To make matters worse, the weather marked the first victory of the weekend for my twin brother, Sean. He and I had settled on Boulder as a compromise and now that we weren't skiing, I knew exactly where we were headed.

Every year, we go away for a weekend of old-fashioned brother bonding. I wanted to ski, but my budding film-producer brother kept muttering about film festivals in Sedona, Ariz., or Napa Valley.

Lucky for me, I discovered the slope-close Boulder International Film Festival slated for February. Crisis averted. (And, to be honest, I'd wanted to see Boulder ever since "Mork & Mindy" made it look oddly appealing on TV in the late '70s.)

So back at the hotel, the terrific new St. Julien Hotel & Spa, we huddled over the film festival schedule.

The vibe at the St. Julien is more see-and-be-seen than you might expect in Boulder. It's in a corner of downtown but still within walking distance of all of the notable restaurants and shops. The building has a sleek stone and glass exterior, and the lobby is bright and modern-looking. The hotel's trendy bar, T-Zero, looked small at first glance but we learned during a late-night drink that a big crowd can be packed inside.

Our room had a modern, masculine feel -- lots of earth tones, stained wood furniture and black-and-white photographs. The slate-tiled bath was spacious, with a large glass-enclosed shower next to the bathtub.

My only complaint was a shortage of closet space and bathrobes that were cut for petite women. The hotel also uses plush chipmunks or gophers as do-not-disturb signs. I'm sure the hotel is trying to push a wildlife theme, but in the early-morning hours it looks as if a pack of rodents has hanged itself on the doors.
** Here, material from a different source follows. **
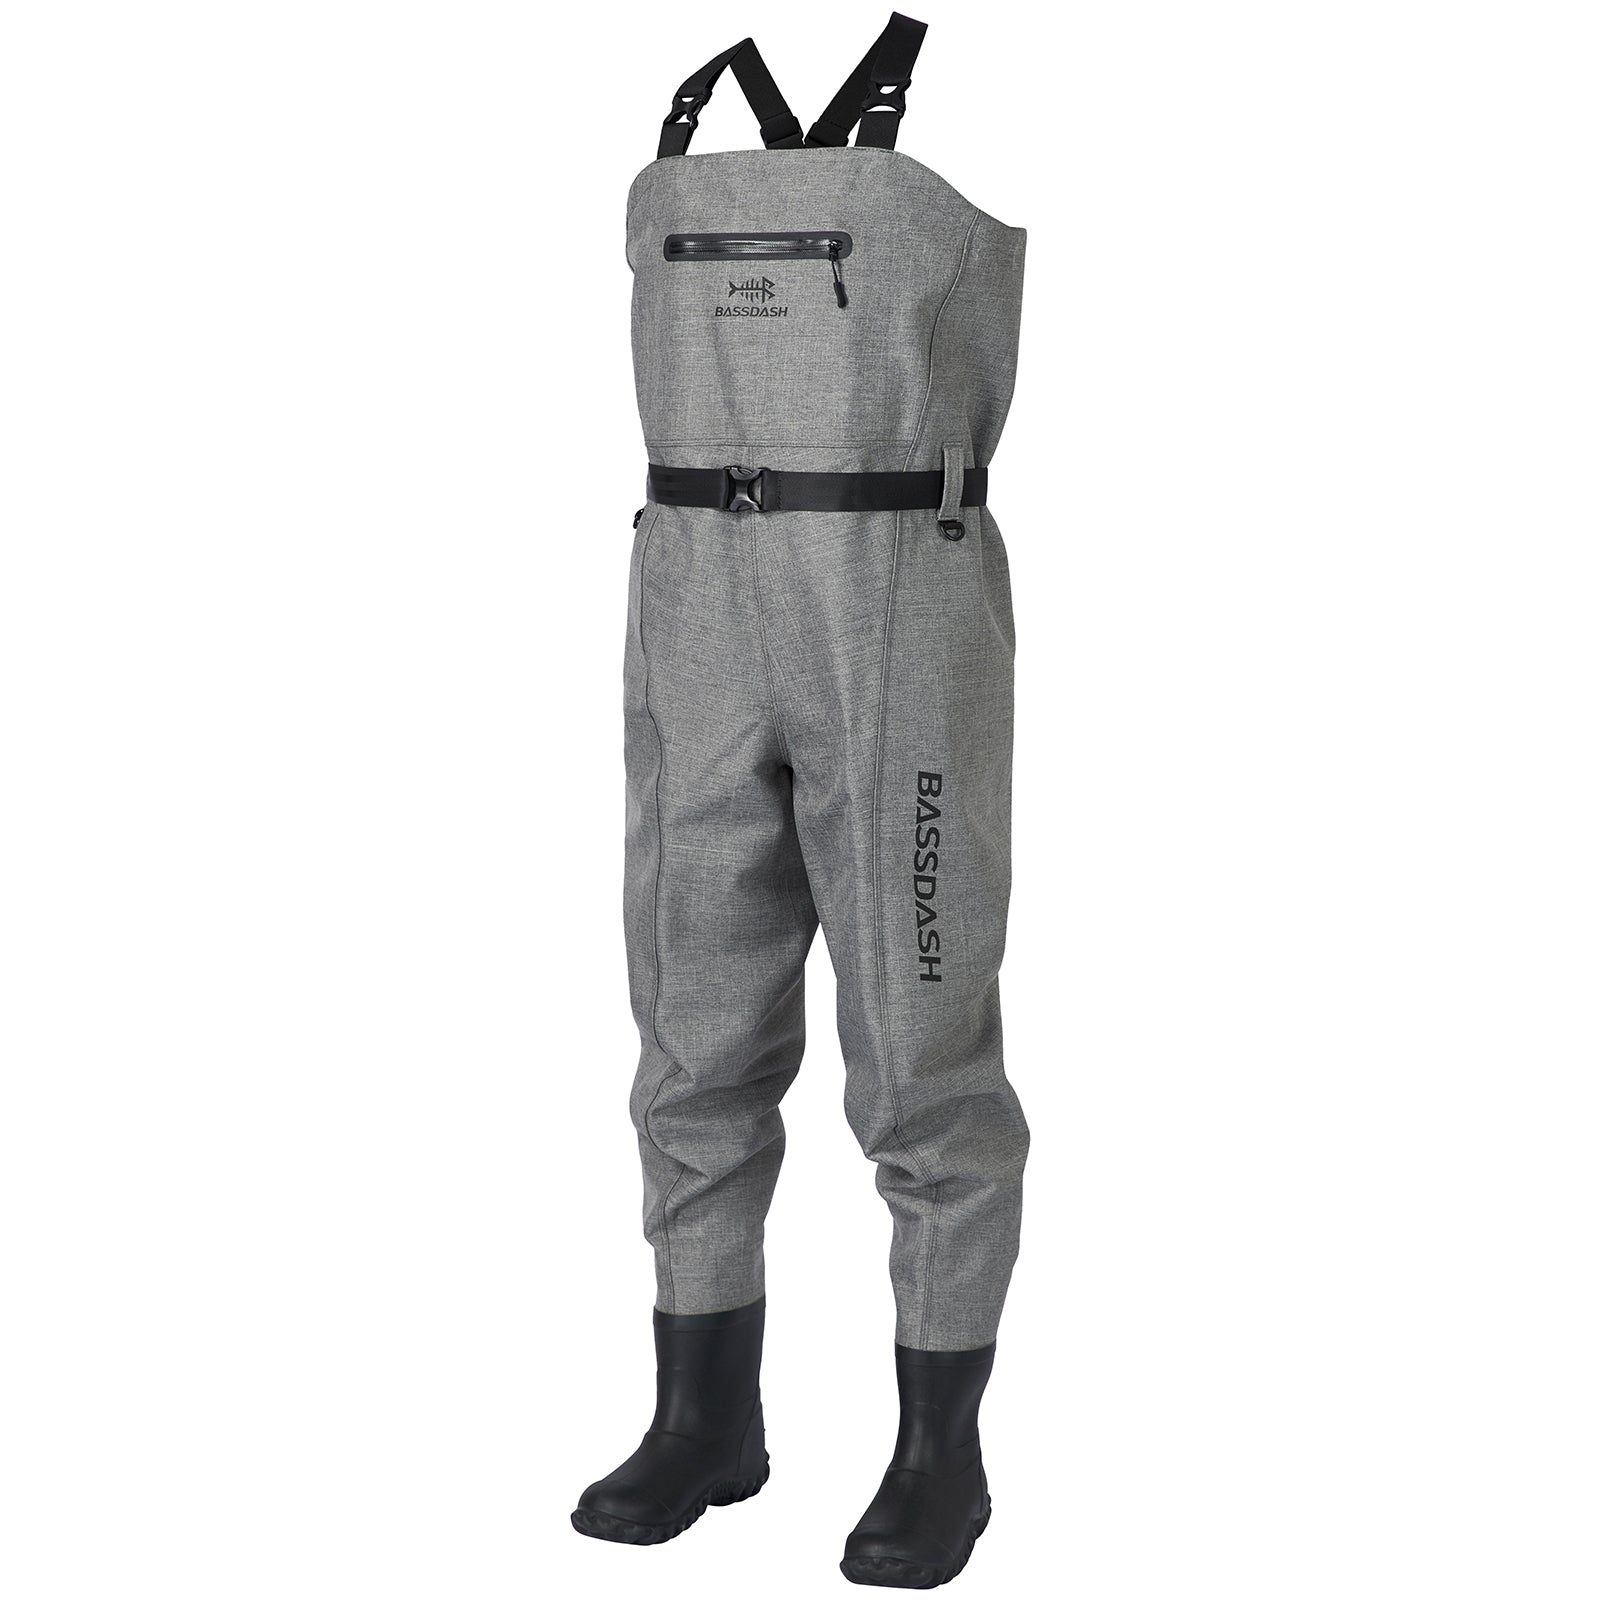 New Fishing Waders With Boots And Lightweight Pants Waterproof For

After a quick bite at the hotel's Jill's Restaurant, where the food was only so-so, we headed off to a lecture by documentarian Jim Butterworth. His "Seoul Train," about North Koreans who are caught after fleeing to China, won the best documentary prize at the 2005 festival. As a journalist, I thought the topic was right up my alley, but I was still wishing we were on the slopes. Sean, of course, loved it.

A film festival vacation might seem an odd idea to some, but it makes for an enjoyable weekend. There are always lots of movies to choose from, including many more documentaries than I'd expected. (I've learned that festivals are the primary way documentary films get noticed.)

I'd been to the Sundance Festival in Park City, Utah, a few times, but frankly, there's too much Botox and fur for my taste. And the festival overruns the town to such an extent that visitors get more a sense of Hollywood than of Park City. Smaller festivals, which dozens of cities now host throughout the year, make for a better getaway. They can offer an appealing mix of the serious and quirky that caters to local film buffs more than to entertainment-industry types. Stars sometimes show up to support their indie projects, though I didn't see any.

Boulder also is a near-perfect place for Californians who want a taste of a small mountain town atmosphere but need some of the amenities of urban life. It's about an hour's drive from Denver and central to a list of nice ski resorts. Eldora Mountain Resort, a small but uncrowded ski area, is about 30 minutes from town, and Keystone, Vail and Breckenridge are close enough for a day trip.

Home to the University of Colorado at Boulder, it is, like many college towns, eminently walkable. Downtown is centered around Pearl Street, a pedestrian mall that is probably more appealing when the temperature is above freezing. Still, I dragged Sean through the eclectic strip: Urban Outfitters, funky antique markets, used book stores and an upscale wine shop. There was even a small skating rink in the center of town, which was packed with families with kids who were enjoying the outdoors more than I was.

*

Selection of restaurants

WHEN we arrived on Friday night, the concierge at the St. Julien suggested a nearby restaurant, but I didn't like the look of it when we went inside -- it was too crowded and felt dated -- and the wait was more than an hour. So we went to the Boulder Chop House & Tavern a few doors up.